Returns the cotangent of the argument.

degrees() Expr

Converts the argument from radians to degrees.

display_name() str

Returns the name of this expression as it should appear in a schema.

This name will not include any CAST expressions.

distinct() ExprFuncBuilder

Only evaluate distinct values for an aggregate function.

This function will create an ExprFuncBuilder that can be used to set parameters for either window or aggregate functions. If used on any other type of expression, an error will be generated when build() is called.

empty() Expr

This is an alias for array_empty().

exp() Expr

Returns the exponential of the argument.

factorial() Expr

Returns the factorial of the argument.

fill_nan(value: Any | Expr | None = None) Expr

Fill NaN values with a provided value.

fill_null(value: Any | Expr | None = None) Expr

Fill NULL values with a provided value.

filter(filter: Expr) ExprFuncBuilder

Filter an aggregate function.

This function will create an ExprFuncBuilder that can be used to set parameters for either window or aggregate functions. If used on any other type of expression, an error will be generated when build() is called.

flatten() Expr

Flattens an array of arrays into a single array.

floor() Expr

Returns the nearest integer less than or equal to the argument.

from_unixtime() Expr

Converts an integer to RFC3339 timestamp format string.

initcap() Expr

Set the initial letter of each word to capital.

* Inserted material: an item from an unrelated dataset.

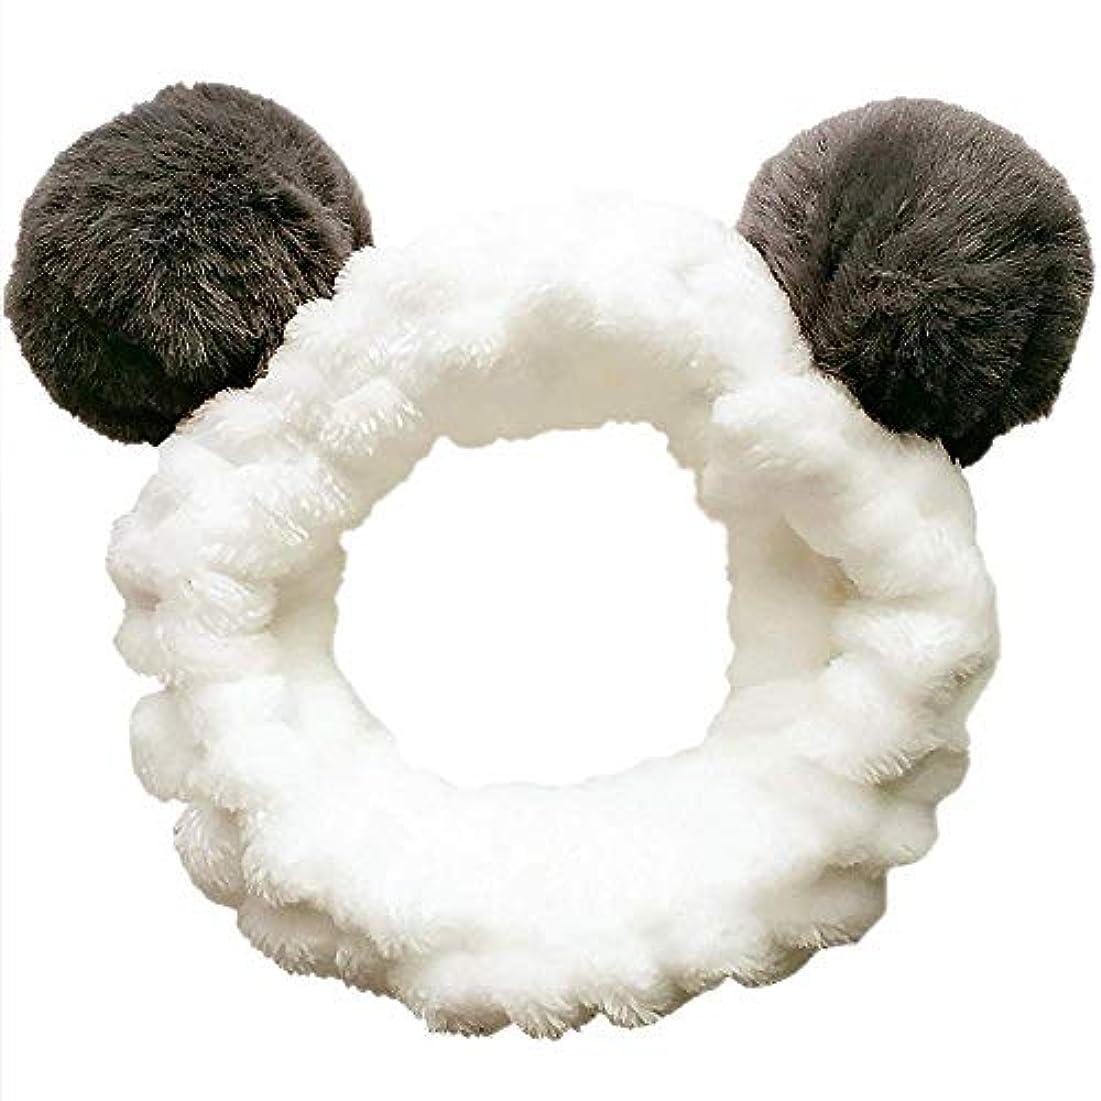 推論アンティークハプニングヘアバンド 洗顔 動物 パンダ型 柔らかい 吸水 ターバン レディース ヘアアレンジ 伸縮性あり アニマル ふわふわ

Converts the first letter of each word in string to uppercase and the remaining characters to lowercase.

is_not_null() Expr

Returns True if this expression is not null.

is_null() Expr

Returns True if this expression is null.

isnan() Expr

Returns true if a given number is +NaN or -NaN otherwise returns false.

iszero() Expr

Returns true if a given number is +0.0 or -0.0 otherwise returns false.

length() Expr

The number of characters in the string.

list_dims() Expr

Returns an array of the array’s dimensions.

This is an alias for array_dims().

list_distinct() Expr

Returns distinct values from the array after removing duplicates.

This is an alias for array_distinct().

list_length() Expr

Returns the length of the array.

This is an alias for array_length().

list_ndims() Expr

Returns the number of dimensions of the array.

This is an alias for array_ndims().

static literal(value: Any) Expr

Creates a new expression representing a scalar value.

value must be a valid PyArrow scalar value or easily castable to one.

ln() Expr

Returns the natural logarithm (base e) of the argument.

log10() Expr

Base 10 logarithm of the argument.

log2() Expr

Base 2 logarithm of the argument.

lower() Expr

Converts a string to lowercase.

ltrim() Expr

Removes all characters, spaces by default, from the beginning of a string.

md5() Expr

Computes an MD5 128-bit checksum for a string expression.

null_treatment(null_treatment: datafusion.common.NullTreatment) ExprFuncBuilder

Set the treatment for null values for a window or aggregate function.

This function will create an ExprFuncBuilder that can be used to set parameters for either window or aggregate functions. If used on any other type of expression, an error will be generated when build() is called.

octet_length() Expr

Returns the number of bytes of a string.

order_by(*exprs: Expr | SortExpr) ExprFuncBuilder

Set the ordering for a window or aggregate function.

This function will create an ExprFuncBuilder that can be used to set parameters for either window or aggregate functions. If used on any other type of expression, an error will be generated when build() is called.

over(window: Window) Expr

Turn an aggregate function into a window function.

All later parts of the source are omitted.